Application of Mhetase-Displaying Whole-Cell Biocatalysts for Conversion of PET-Degradation Intermediates

Enzymatic depolymerization is a promising solution to manage polyethylene terephthalate (PET) waste.¹ Complete PET enzymatic degradation to terephthalic acid (TPA) and ethylene glycol (EG) needs the synergistic action of two enzymes, PETase and MHETase.² MHETase facilitates conversion of MHET, an intermediate in the PETase-based enzymatic degradation process, to TPA, and prevents inhibition of PETase activity. Surface display of PET-degrading enzymes is an attractive approach to achieve improved activity and eliminate the need of protein purification, but current work has focused on the surface display of only one PET-degrading enzyme.³ Thus, complete PET depolymerization has not been achieved. Our hypothesis is that an engineered bacterial community can be developed for complete PET depolymerization, with one part of the community displaying MHETase.

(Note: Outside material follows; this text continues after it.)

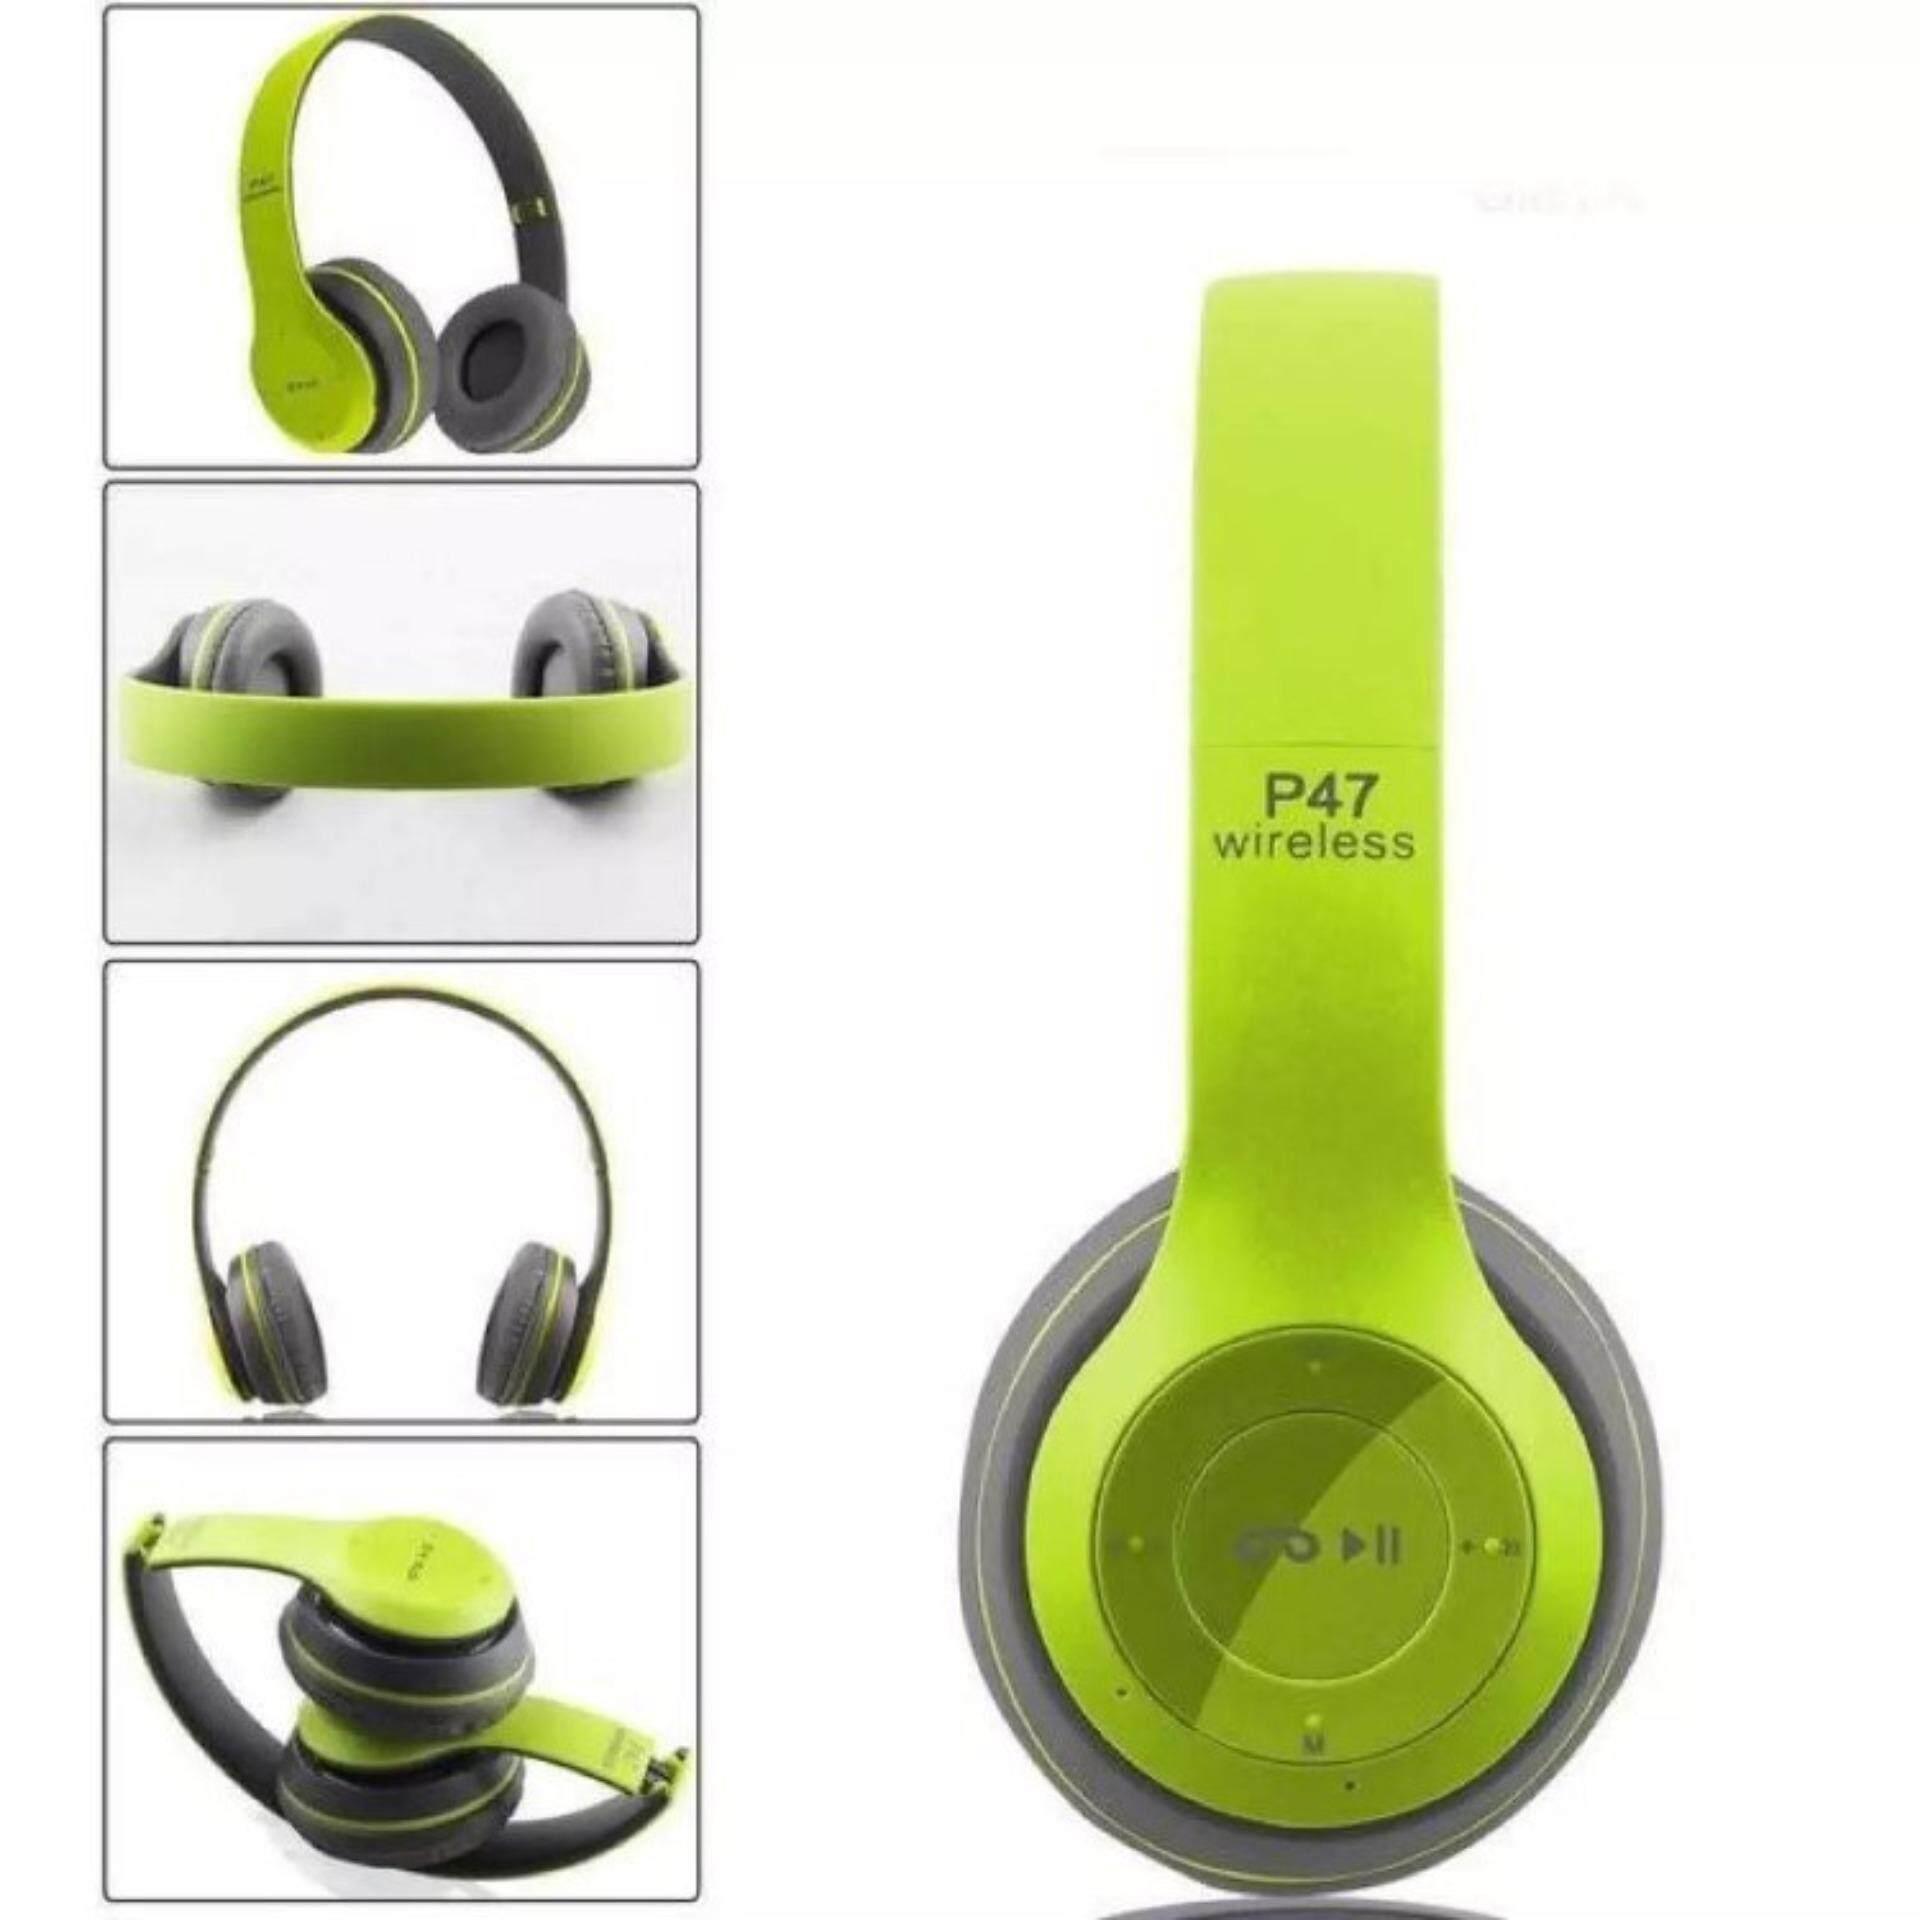 P47 Wireless 4.2+edr หูฟังบลูทูธแบบครอบหู.
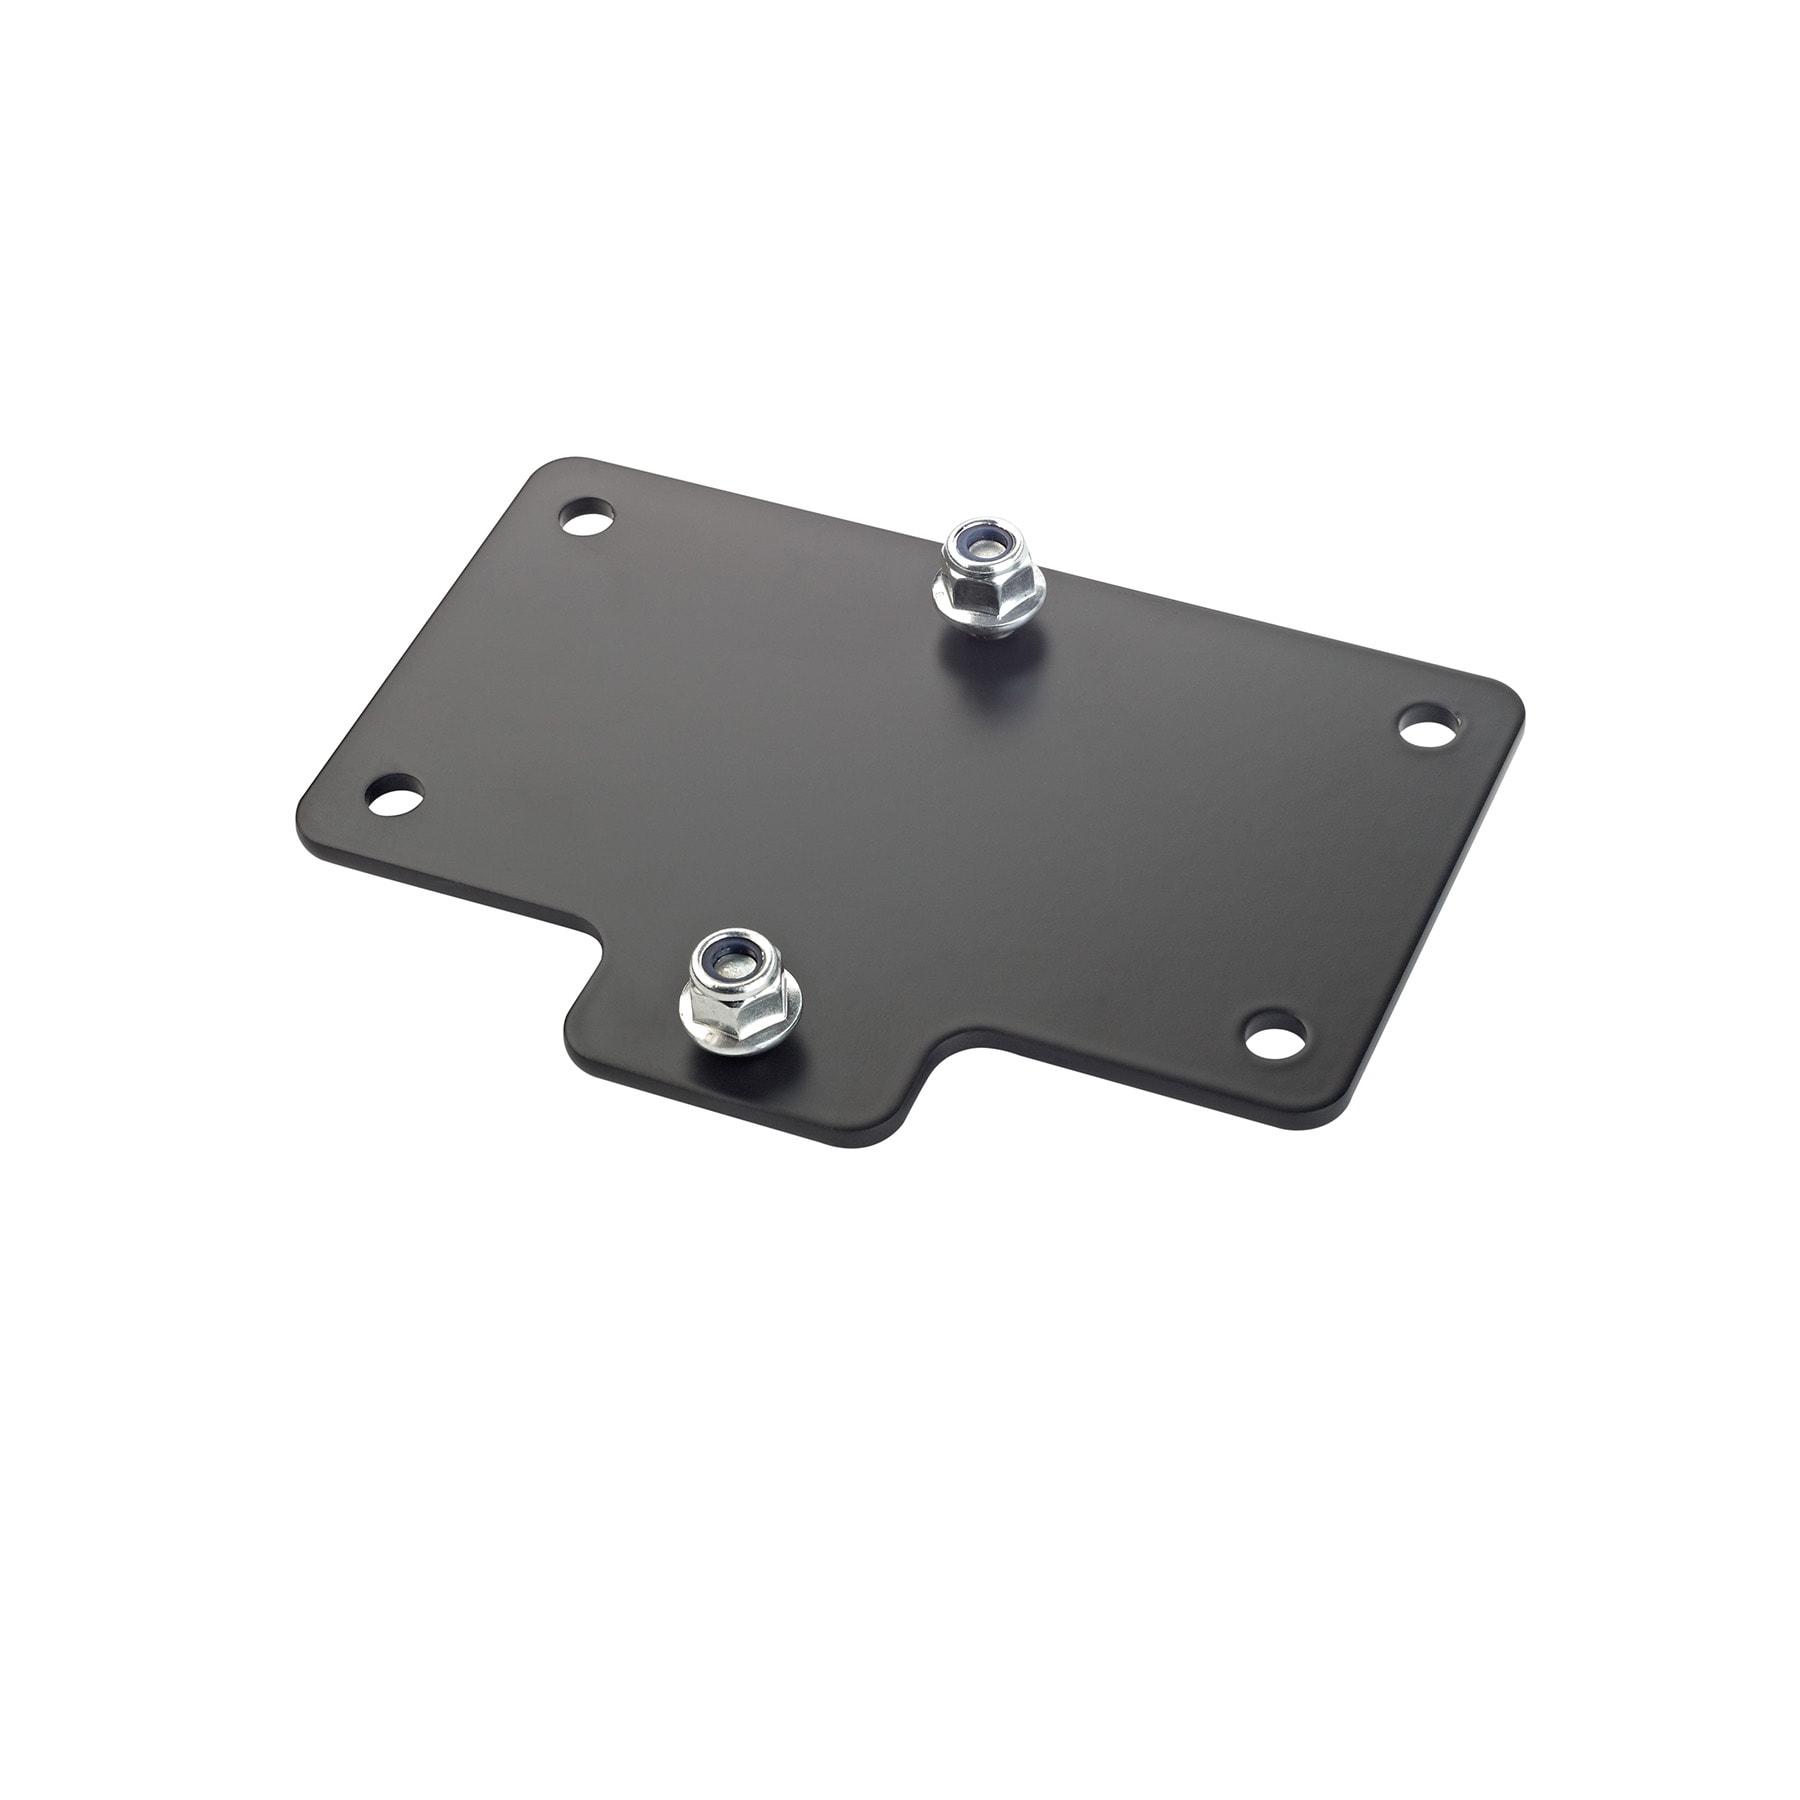 KM24357 - Adapter panel 4

In this work, whole cell biocatalysts displaying PET-degrading enzyme MHETase on the surface of Escherichia coli (E. coli) was constructed. MHETase was surface displayed on E. coli using transporter proteins YeeJ³ and AIDA-I⁴ because of their demonstrated ability to efficiently surface display heterologous passenger proteins. After expression, activity of surface displayed MHETase was determined by incubating cells with dissolved MHET to confirm the activity of both AIDA-I-MHETase and YeeJ-MHETase via HPLC analysis. This work is an essential step in achieving complete PET depolymerization to its constituent monomers which can be upcycled, potentially by other members of the bacterial community or through other methods.